Exercise data
= = =

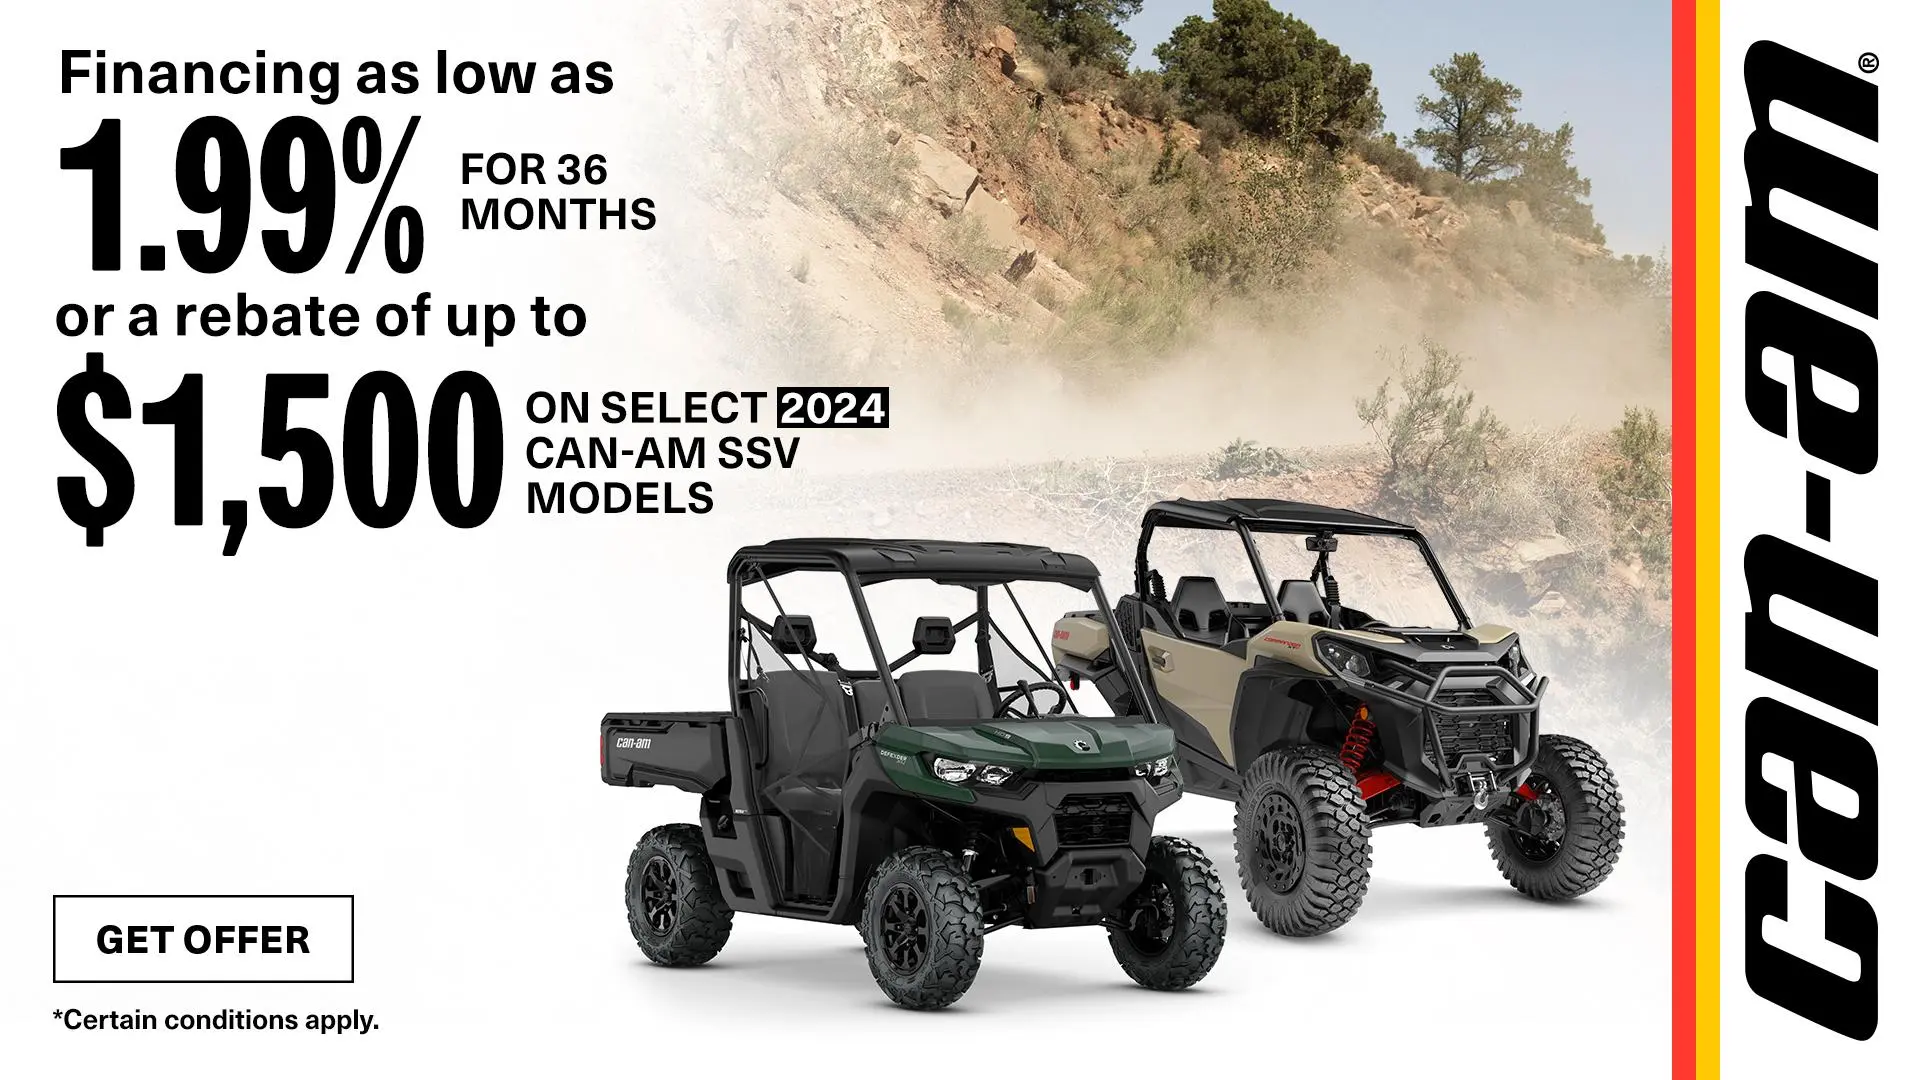 Financing starting at 1.99% for 36 months or up to $1,500 rebate on select 2024 Can-Am SSV models
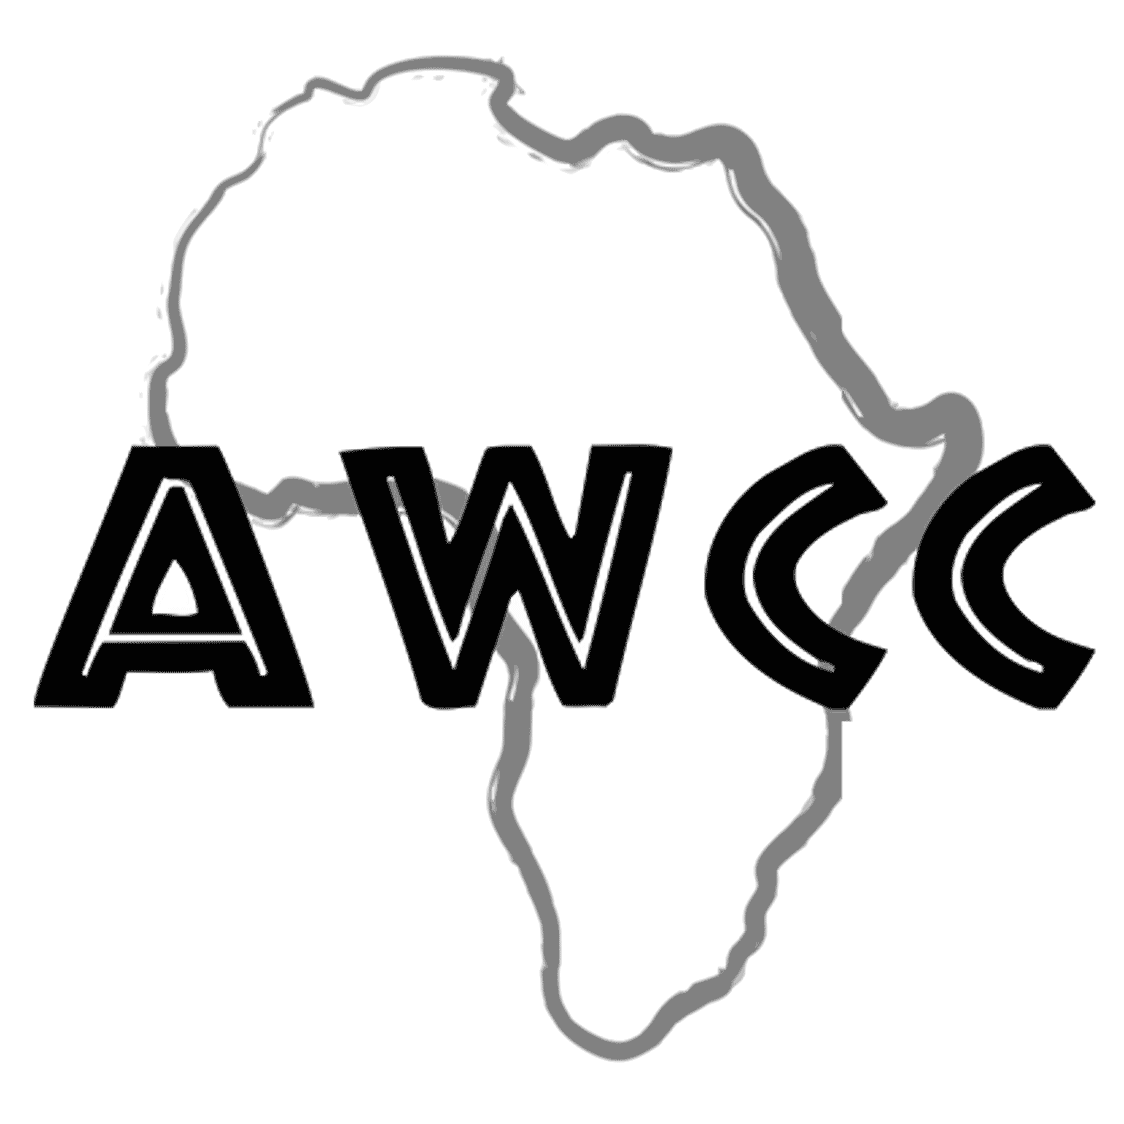 The African Wildlife Conservation Coalition
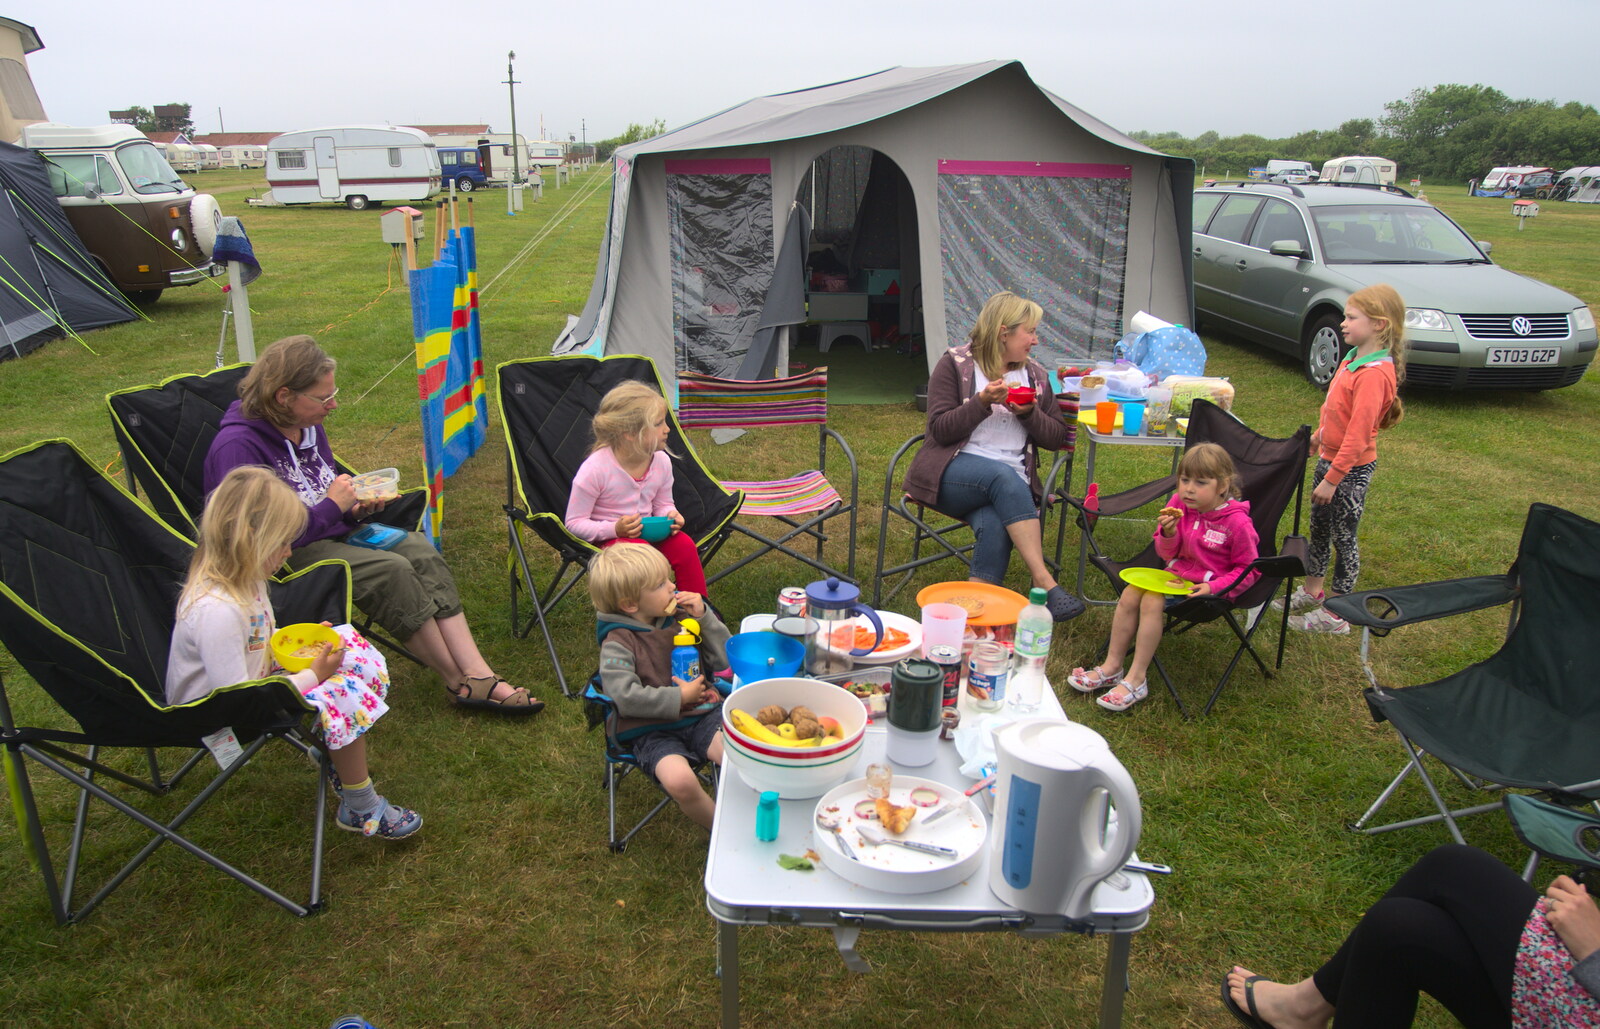 Breakfast before the rain from A Wet Weekend of Camping, Waxham Sands, Norfolk - 13th June 2015
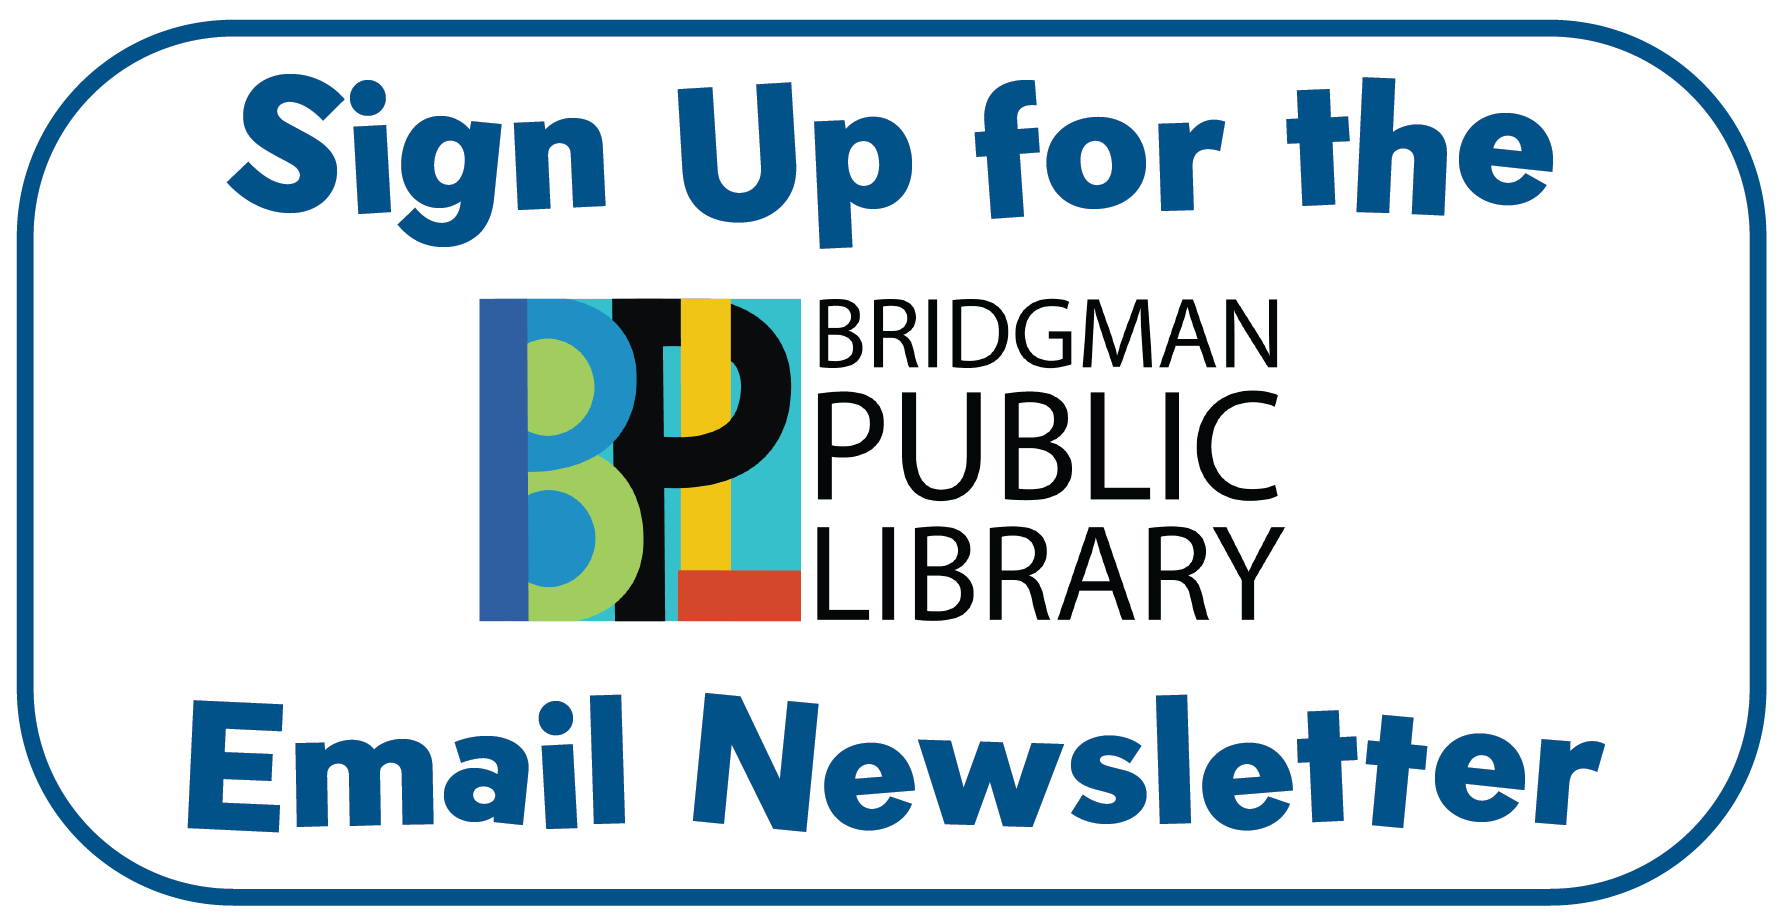 A link to sign up for the Bridgman Library email newsletter

= = =

Task item
Restate word for word each line from the top of the listing down to and including the line that holds "Breakfast before the". Drop any pictures.

Response
 Financing starting at 1.99% for 36 months or up to $1,500 rebate on select 2024 Can-Am SSV models
 The African Wildlife Conservation Coalition
 Breakfast before the rain from A Wet Weekend of Camping, Waxham Sands, Norfolk - 13th June 2015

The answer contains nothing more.